Domain-specific language (DSL)

A domain-specific language (DSL) is a programming or markup language designed for a narrow, specialized domain, in contrast to a general-purpose language such as JavaScript or SQL that can express programs across a wide range of problem areas. By restricting their scope, DSLs can offer concise, readable syntax that closely mirrors the concepts and vocabulary of the domain they serve, making them accessible to domain experts who may not be professional programmers.

DSLs come in two broad categories. An external DSL has its own dedicated syntax and parser – Gherkin, used in behavior-driven development to specify acceptance criteria in a Given-When-Then format, is a well-known example. An internal or embedded DSL is implemented within a general-purpose host language, leveraging that language’s syntax and tooling to create a mini-language. Reactive programming frameworks and fluent builder APIs are common examples.

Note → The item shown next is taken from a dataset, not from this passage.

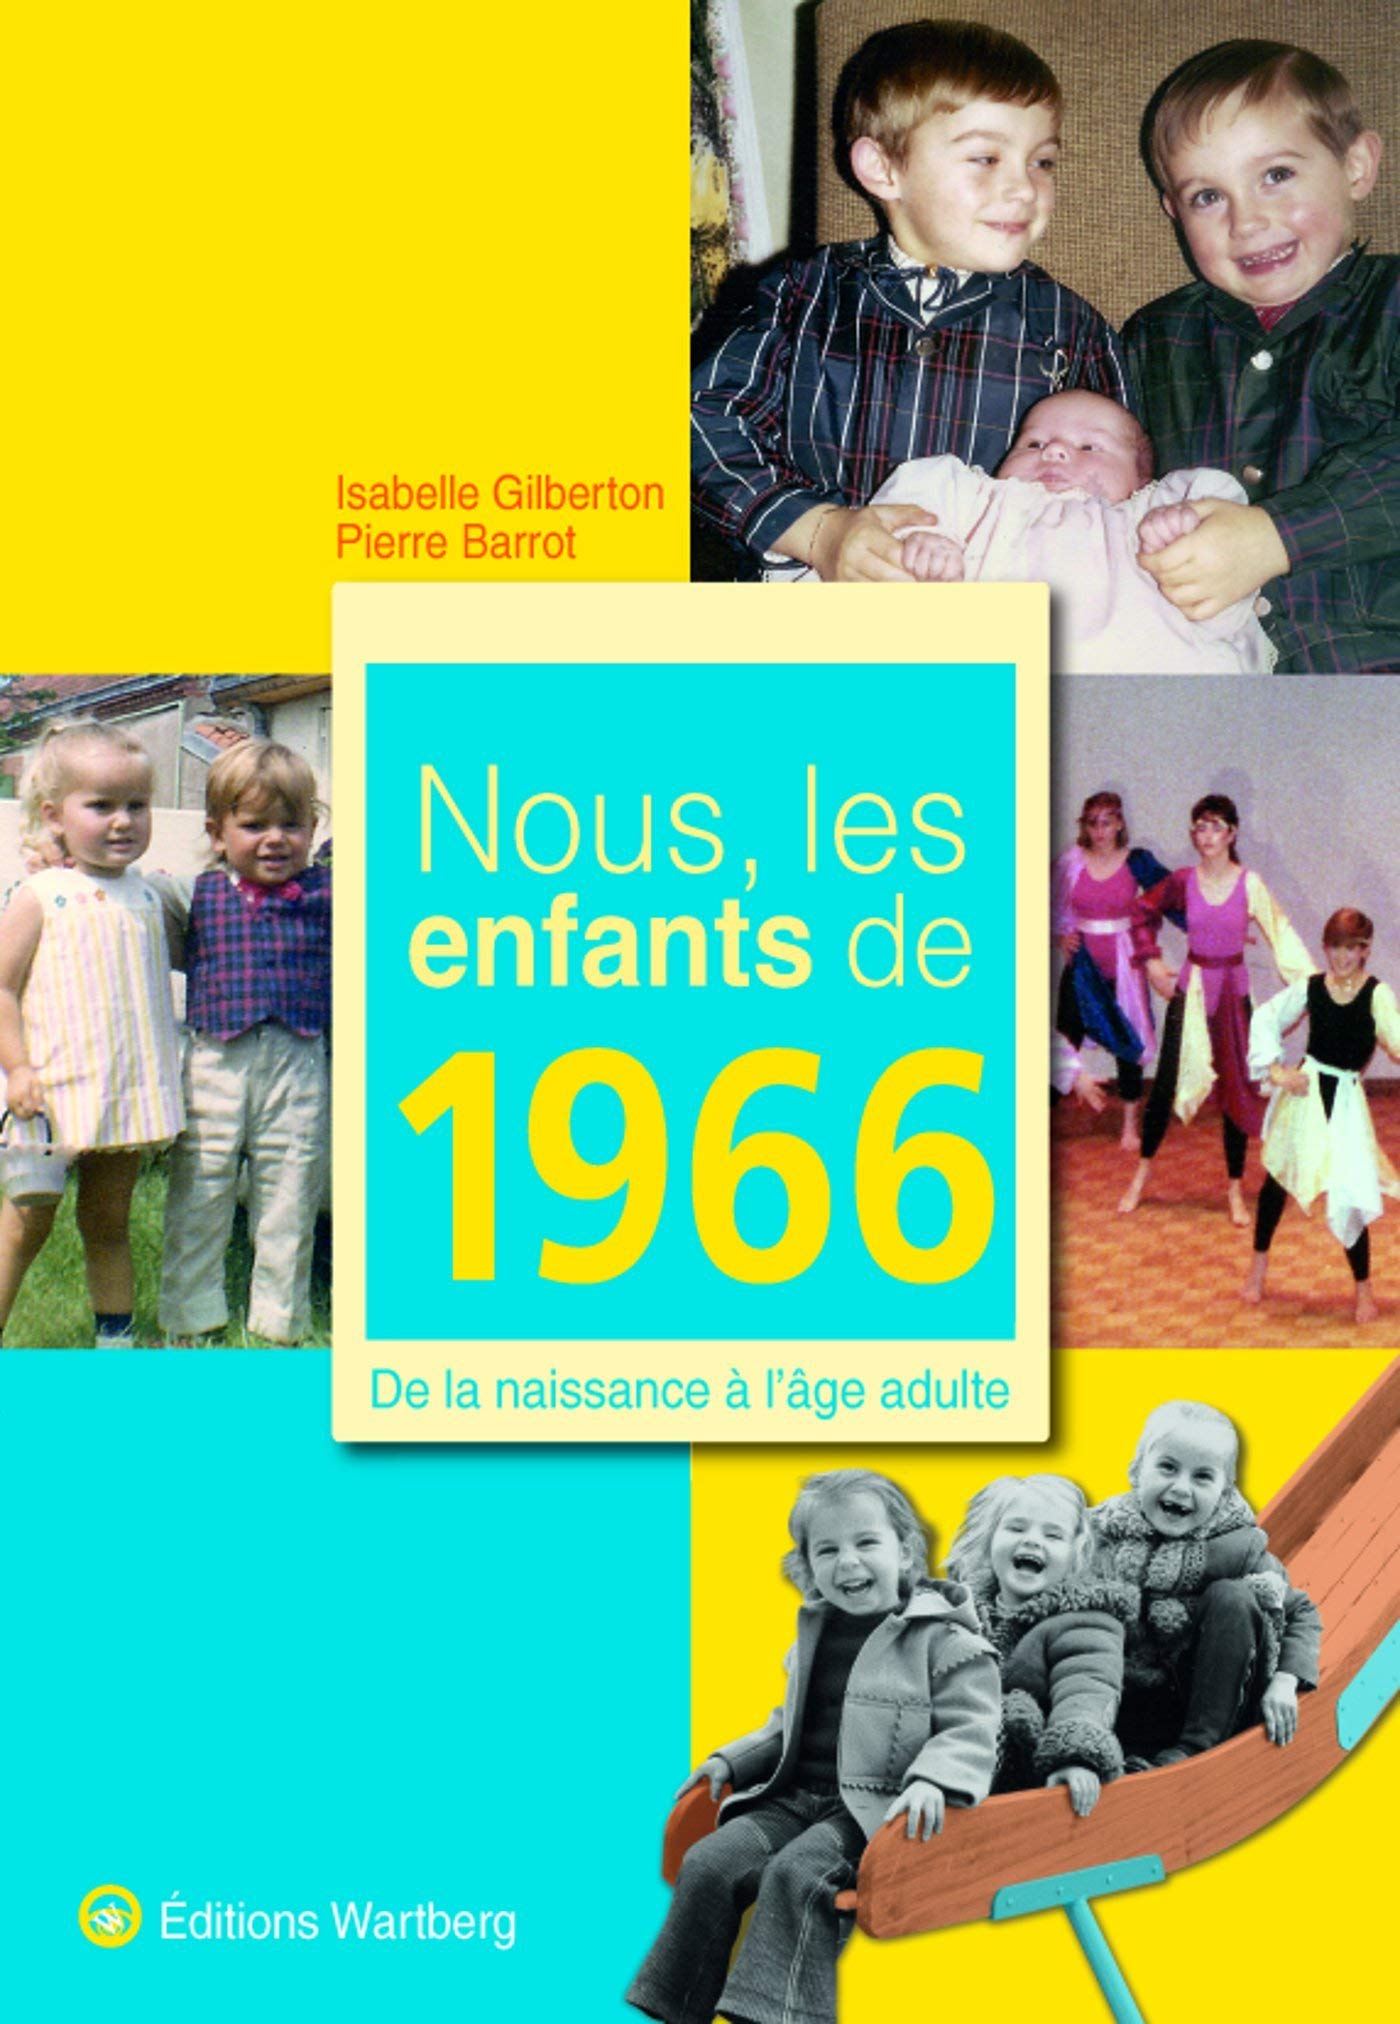 NOUS, LES ENFANTS DE 1966

DSLs are widespread in software tooling. Diagrams-as-code tools such as Structurizr define DSLs for describing software architecture models. Containerization systems use DSLs like the Dockerfile syntax to declare container image build instructions. Modeling tools frequently expose their own DSLs for describing domain structures, BPMN processes, or other model types. The Structurizr DSL, for instance, lets architects define C4 model diagrams as plain text that can be version-controlled alongside application code.

The trade-off when adopting a DSL is between expressiveness and learning cost. A well-designed DSL can make domain-specific tasks dramatically more concise and clear, but each new DSL adds a syntax and mental model that users must learn. DSLs that grow beyond their intended scope risk accreting general-purpose features and becoming harder to use than the host languages they were meant to simplify – a phenomenon sometimes called the inner-platform effect.